On February 5, 2015, the U.S. Senate Health, Education, Labor and Pension (“HELP”) Committee held a hearing on the National Labor Relation Board’s (“NLRB”) proposed new standard for determining joint-employer status under the National Labor Relations Act (“NLRA” or the “Act”). A joint-employer is a separate entity that exercises control over the terms and conditions of another employer’s employees. The current standard—which has been in place for more than thirty years—requires that before an entity may be an employer, or a joint-employer, it first must exercise “direct and immediate” control over the working conditions of the employees in question. The NLRB is currently considering a greatly expanded standard, the ramifications of which are significant: increased potential liability for unfair labor practices not of the putative joint-employer’s making, back-pay, bargaining obligations with a union representing employees not directly employed, as well as unlimited exposure to secondary boycotts and other economic action against primary employers. 
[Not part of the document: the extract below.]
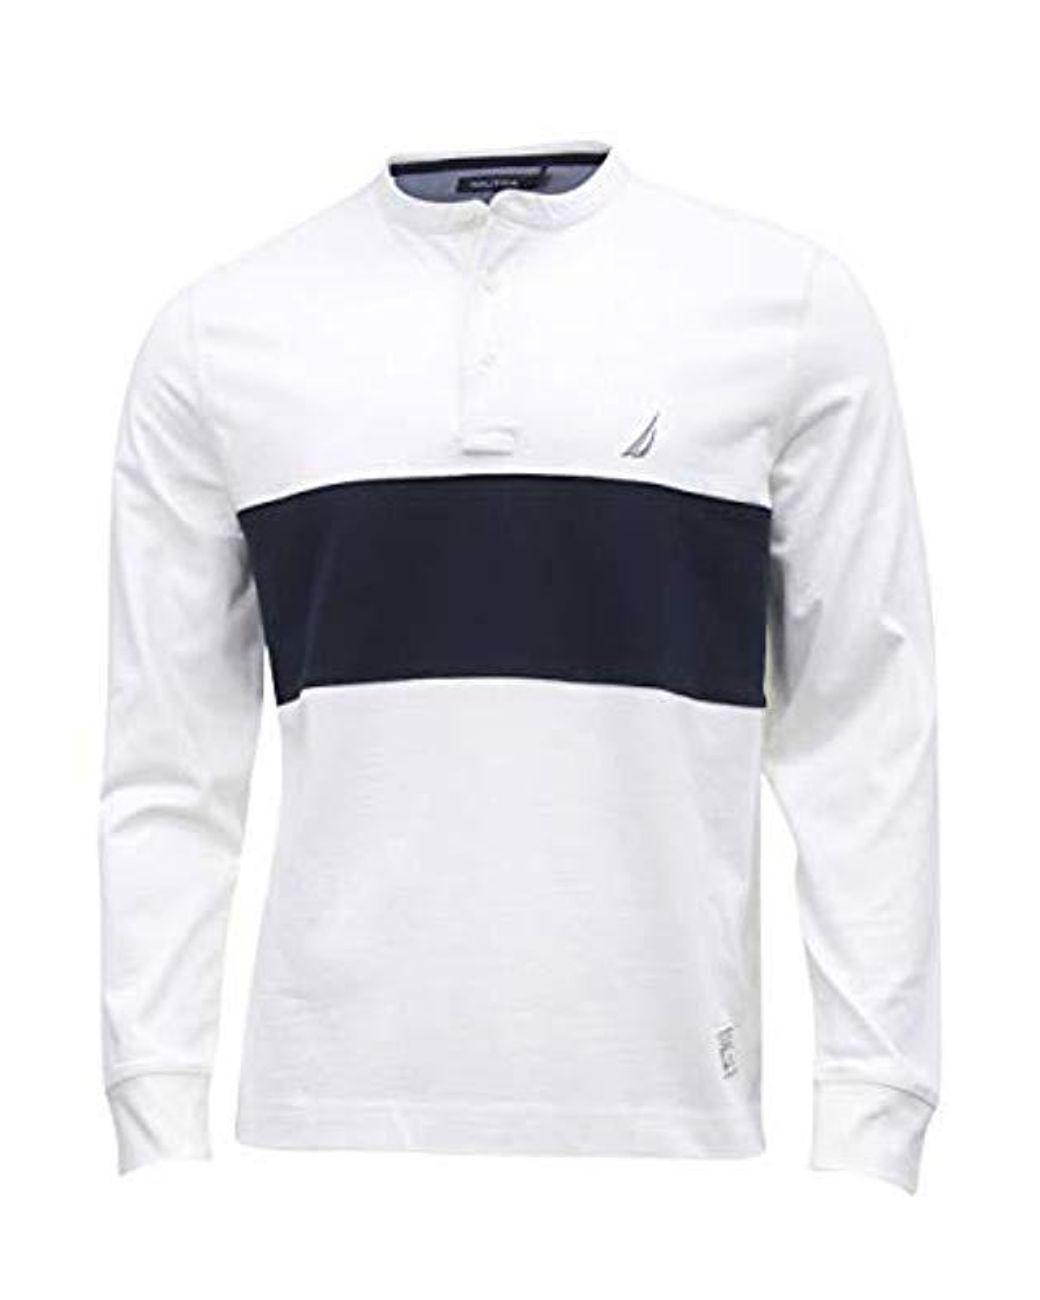 Perry Ellis Mens Shirt Medium Long Sleeve Henly Nightshirt
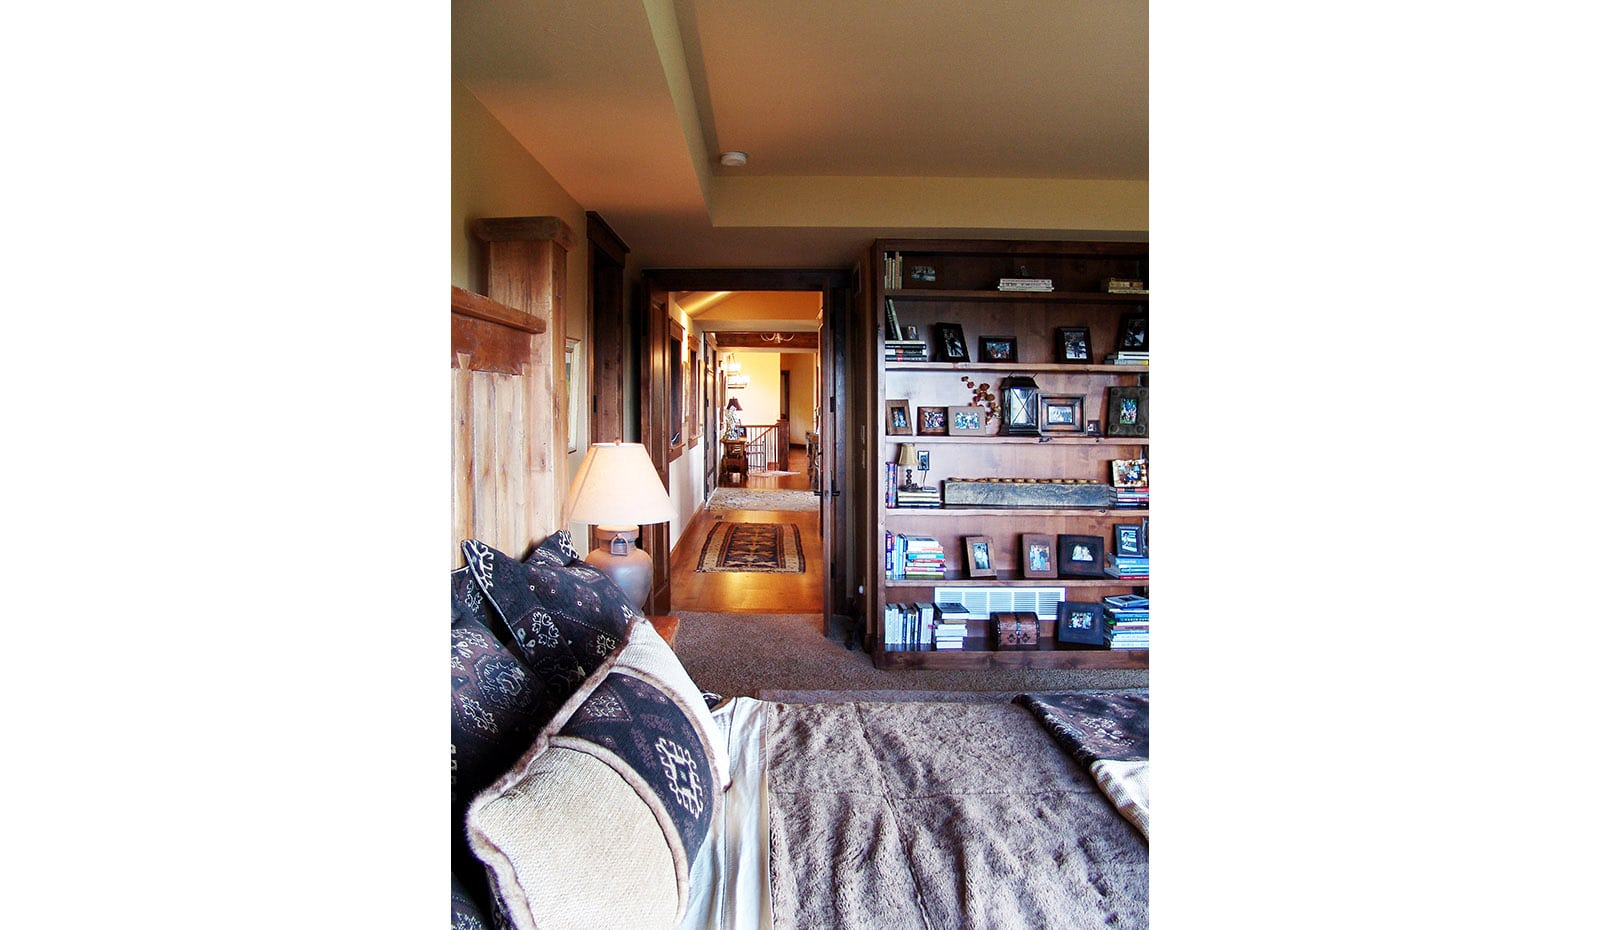 LarkspurResidence_interior_27_1600x930

The new, proposed standard, as formulated by the NLRB’s General Counsel, seeks to eliminate the “direct and immediate” standard and would capture entities which have indirect or even unexercised potential control over working conditions, or where “industrial realities” otherwise make the entity “essential” to “meaningful collective bargaining”. Marshall B. Babson of Seyfarth Shaw LLP presented testimony at the February 5th hearing that despite representations to the contrary, the proposed test is not a return to a more traditional means of measuring joint-employer status, but rather a greatly expanded standard that is unbounded by the common law definition of who is an employer and therefore plainly inconsistent with the intent of Congress and Supreme Court precedent. Babson also testified that the proposed standard’s consideration of “industrial realities” would inevitably lead to “economic analysis” by the NLRB which specifically was prohibited by the Taft-Hartley Congress in 1947 in Section 4(a) of the Act.

The positions of the Senators on the Committee fell along party lines. The Republicans expressed great concern that the proposed new standard would adversely impact business arrangements and contractual relationships, particularly franchise agreements, and thus would interfere with opportunities for economic growth. In turn, the Democrats focused on the potential for alleviating what they believe to be abuses by certain employers by including an ever-widening group of companies liable for damages or required to sit at the bargaining table.

Although no new rule has been adopted by the NLRB, the General Counsel’s proposed standard is an integral part of his enforcement policy and likely will ensnare potentially hundreds of unrelated employers into labor disputes that are not of their making.